Auf dem Cover bist ja du im Wasser zu sehen, mit einem rosa Rahmen.

Baiba: Ja, genau, ich sitze in diesem schwarzen Wasser und schaue eher depressiv aus, aber dann kommen eben diese rosaroten Wolken und schaffen damit eine neue Ebene. Ich bin zwar noch nicht ganz da angekommen, aber das ganze Album spiegelt diesen Prozess wider. Ich wollte aus den ganzen schweren Sachen in meinem Leben, die mir passiert sind, irgendwie spielerisch rauskommen. Das ist jetzt mein zweites Album, das erste war ganz anders, viel melancholischer, langsamer und trauriger. Mit dem zweiten Album wollte ich – nicht nur aber auch – Spaß haben. Ich wollte den Leuten auch zeigen, dass die gleichen Themen, die gleiche Sehnsucht auch anders ausgedrückt werden kann.
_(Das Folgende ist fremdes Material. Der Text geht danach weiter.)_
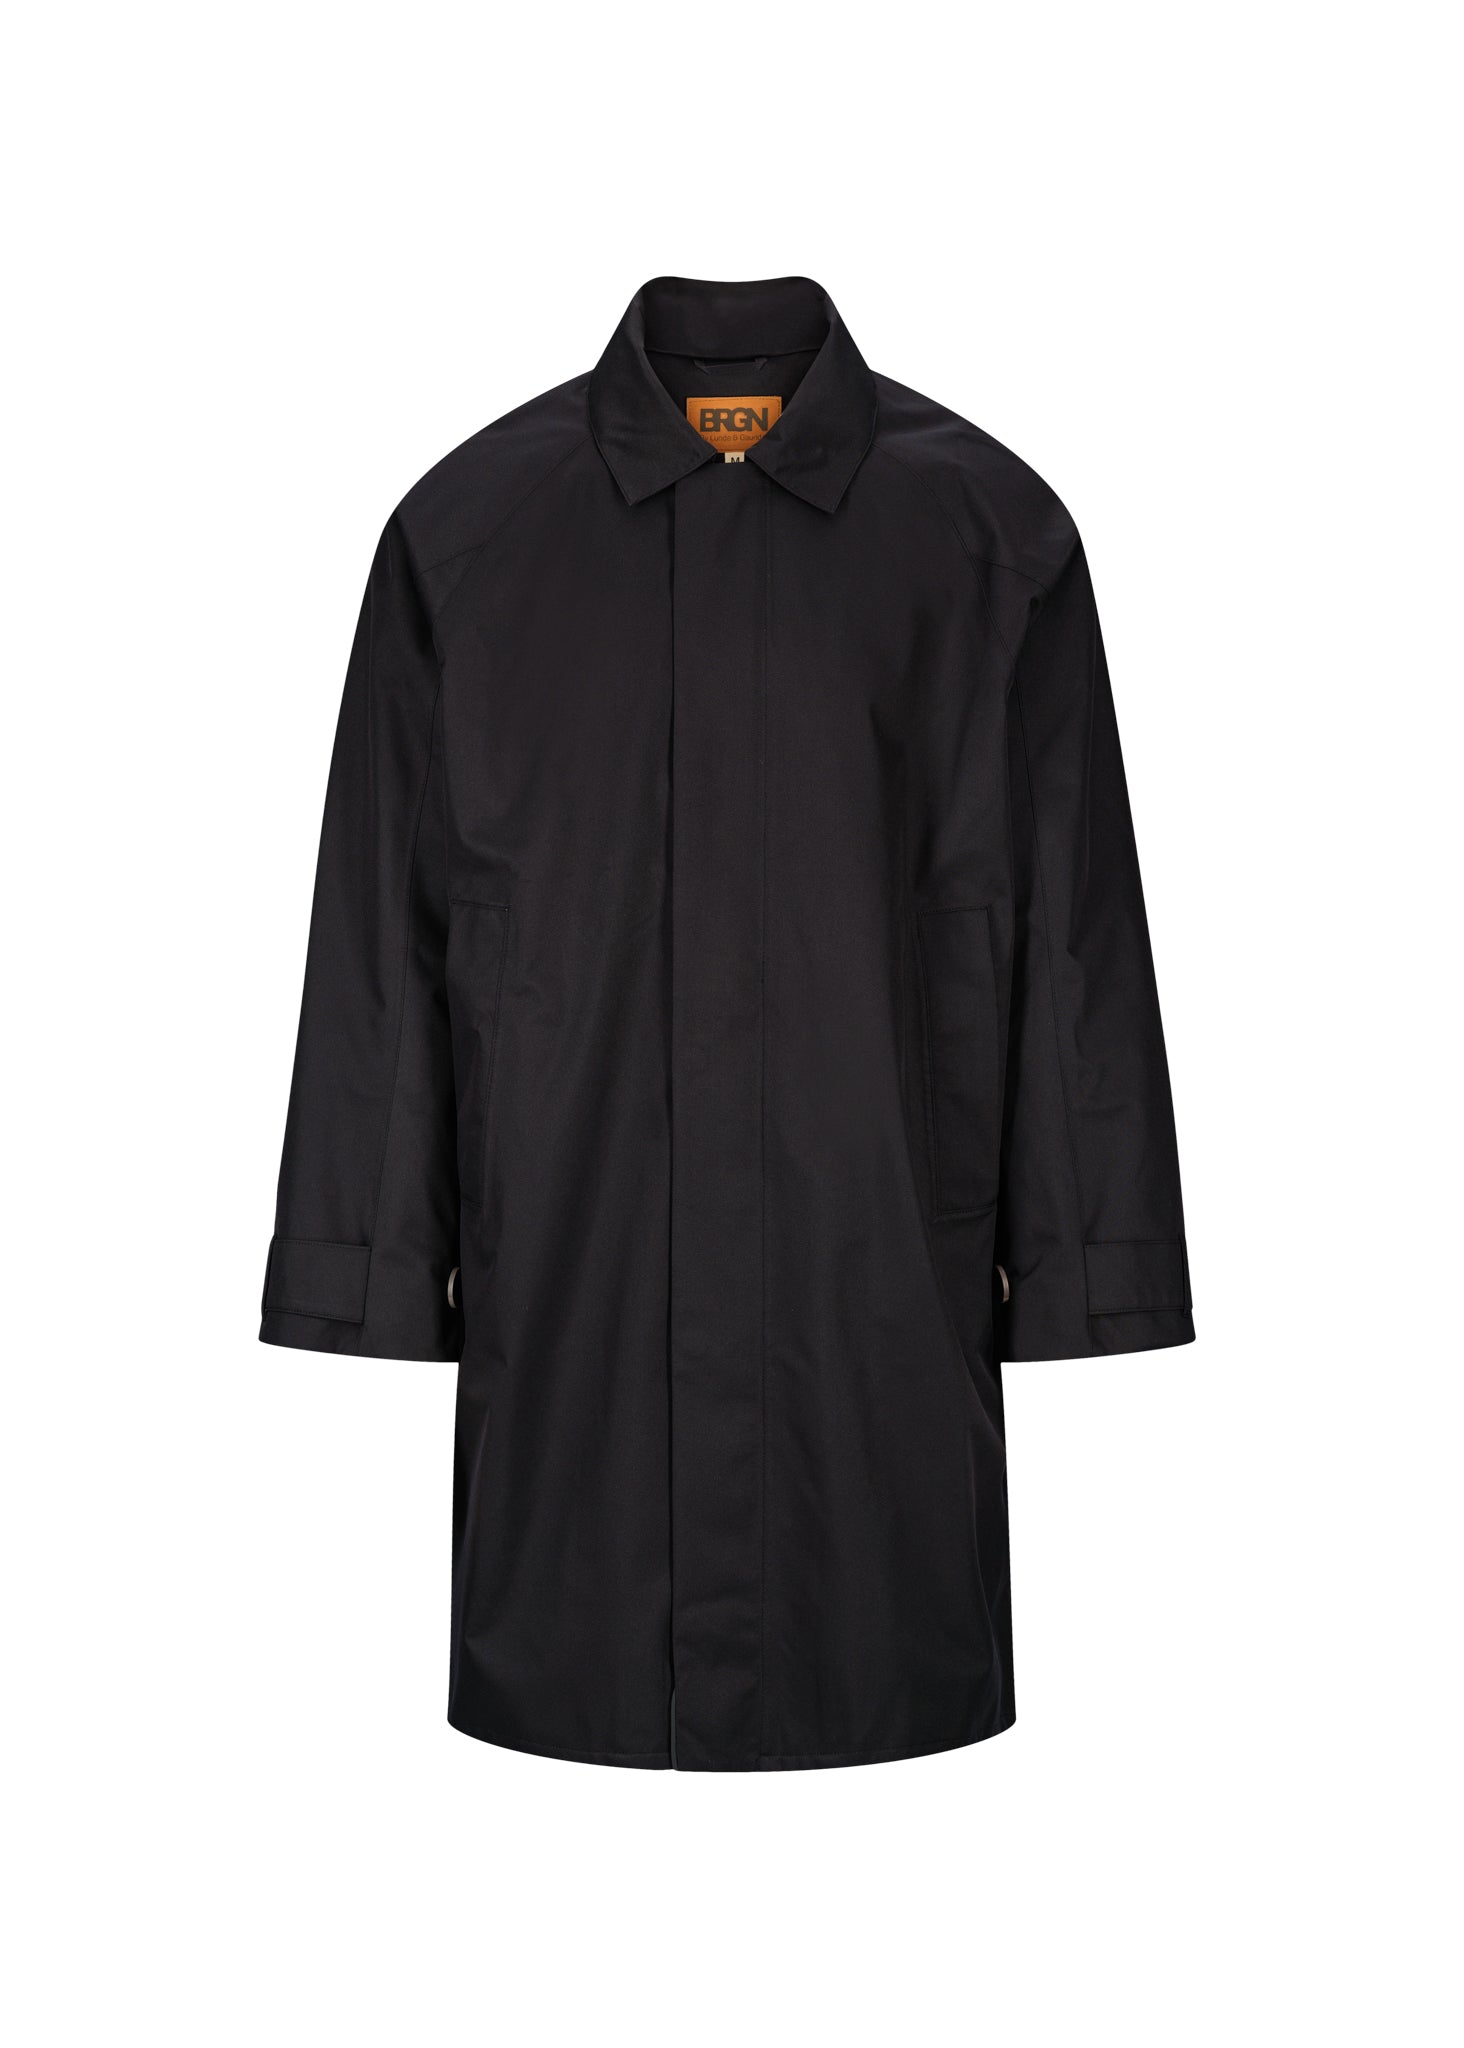 BRGN Vind Coat Coats 095 New Black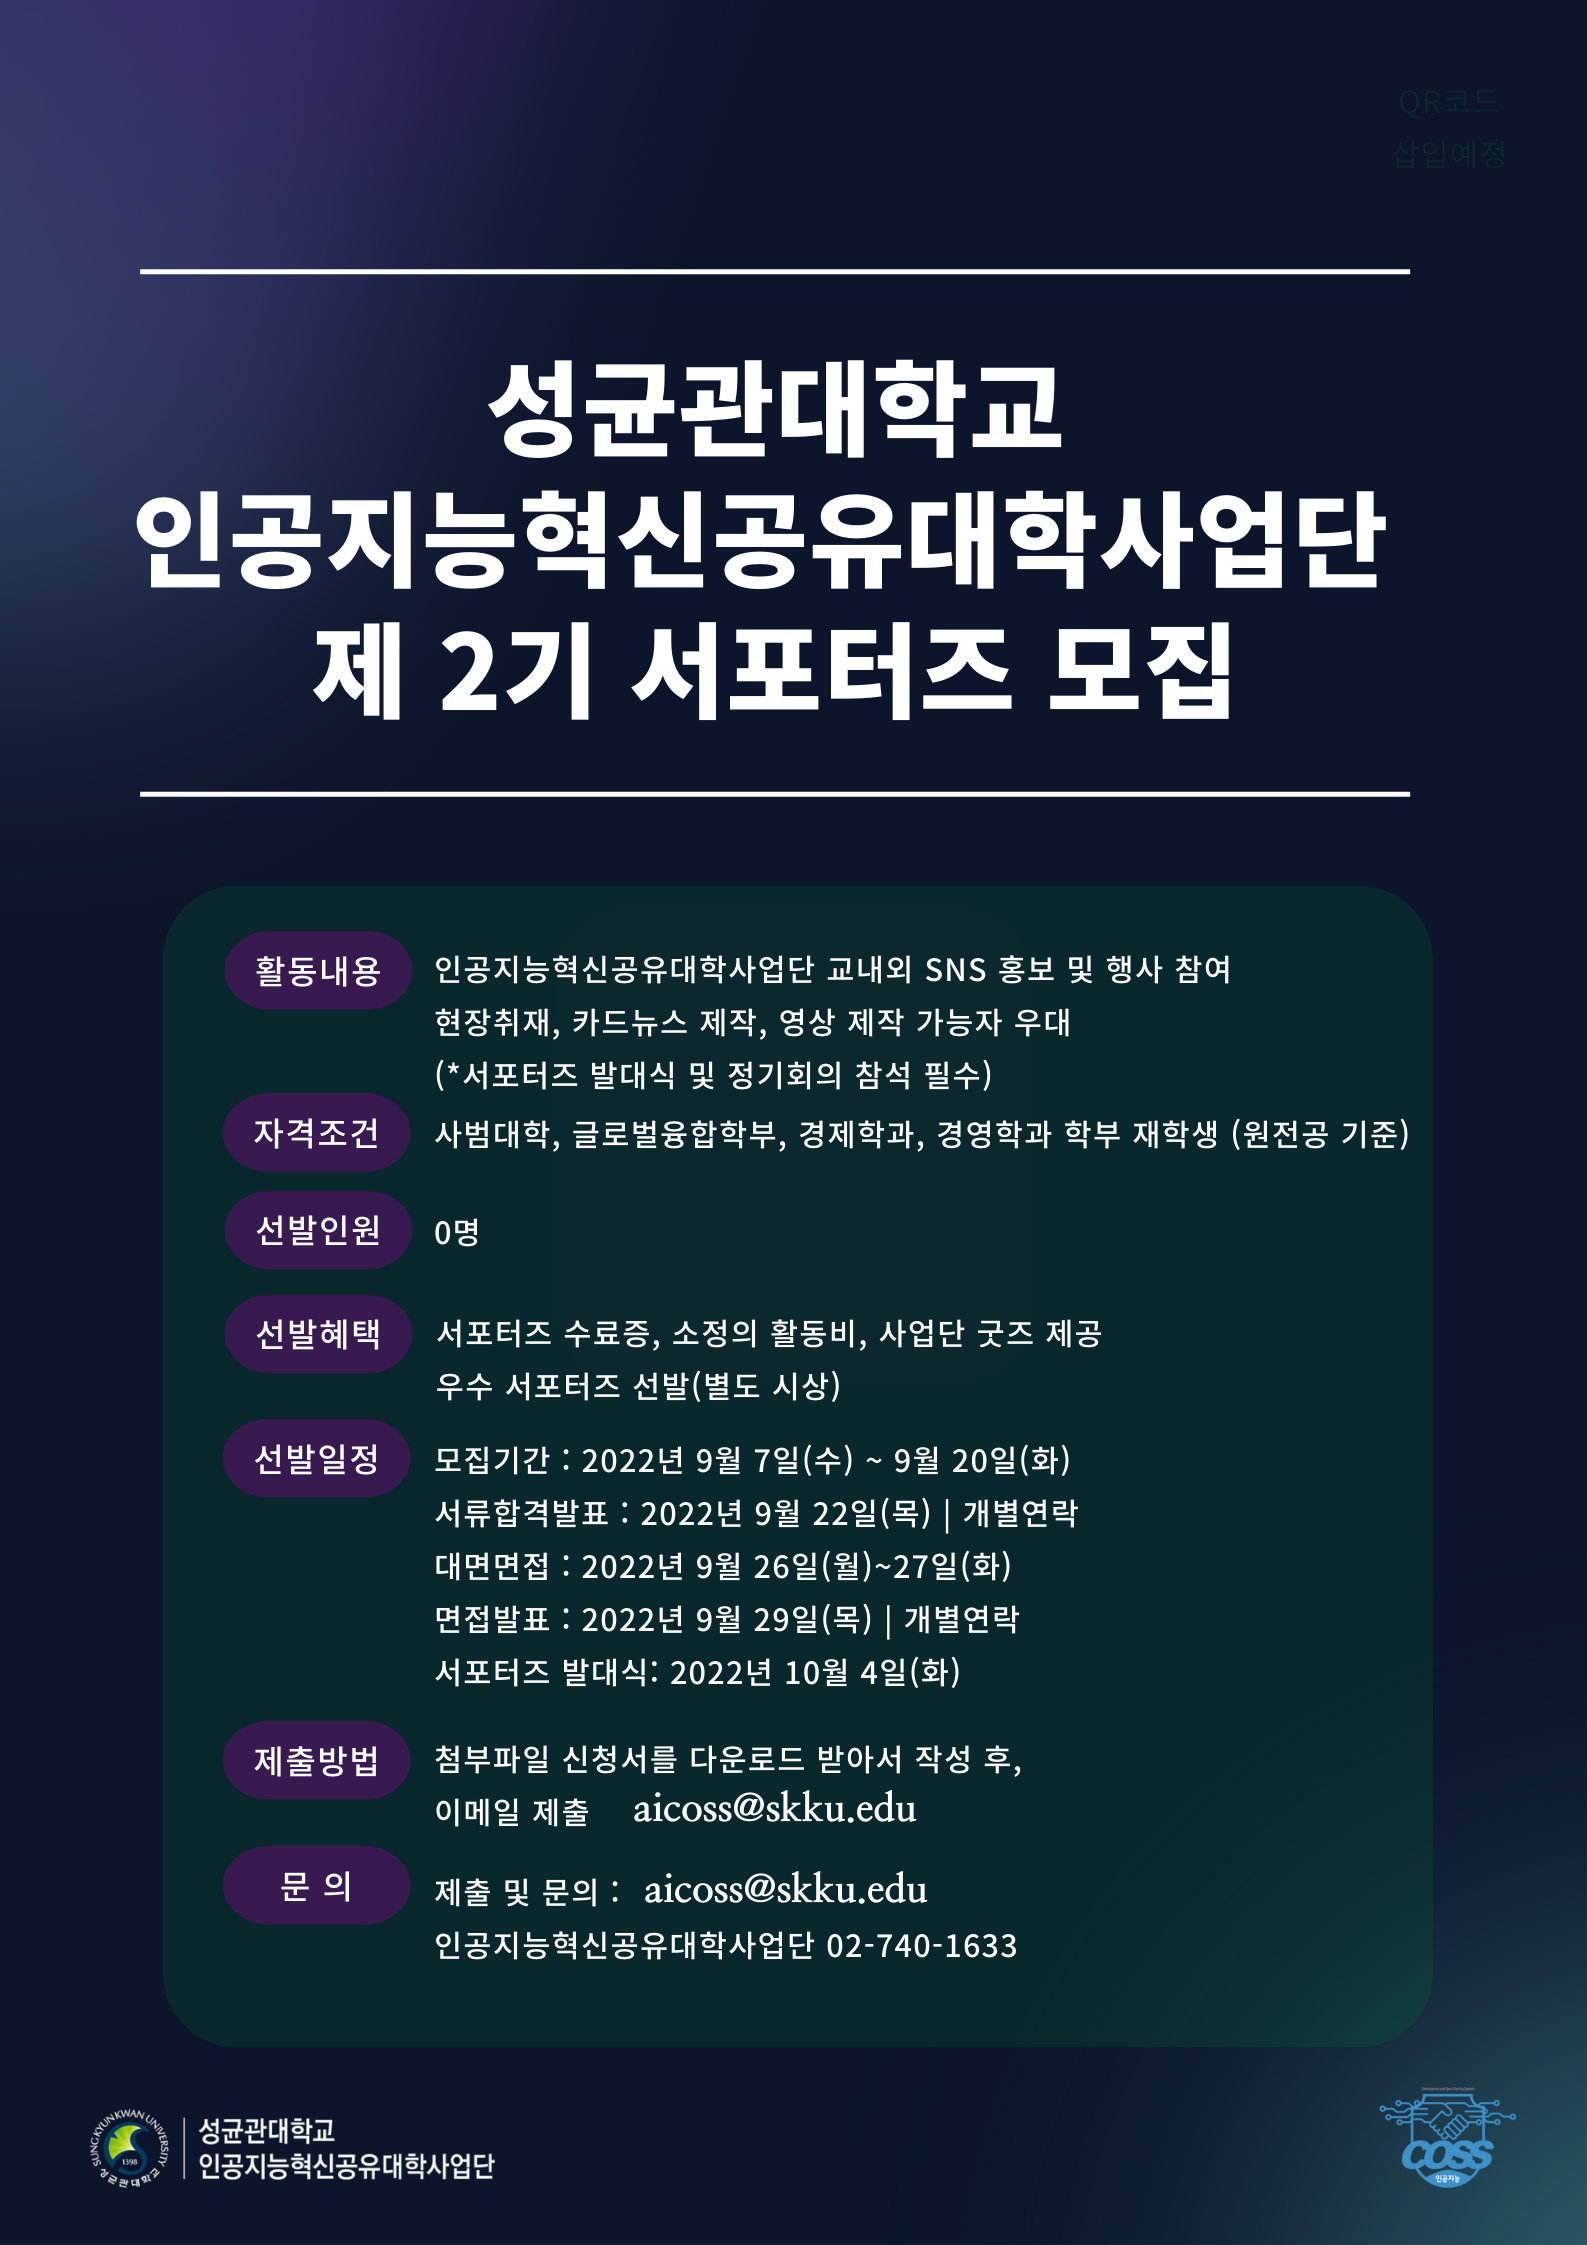 인공지능혁신공유대학사업단 서포터즈 모집

In dem Video, das bei deinem Auftritt von Sofar Vienna entstanden ist, kündigst du den Song „Lighter“ an mit den Worten „The next song is called ‚Lighter‘ and it’s for those who always think they know what we want”.

Baiba: Ja, das Album ist natürlich meine ganz persönliche Geschichte, aber für mich ist es auch so ein bisschen „good girl gona bad“. Hörerinnen und Hörer werden das vermutlich nicht so raushören, weil es ja doch ein Pop-Album ist. Aber mir wurde 20 Jahre lang immer wieder gesagt, wie ich sein soll, wie ein Mädel zu sein hat und es steht mir echt bis zum Hals. Das ist auch etwas, was ich mit „Lighter“ ausdrücke: Wir wissen selber, was wir wollen und wir können alles sein. Wir können Hausfrauen sein und wir können Musikproduzentinnen sein – alles ist erlaubt, was sich für dich selbst gut anfühlt.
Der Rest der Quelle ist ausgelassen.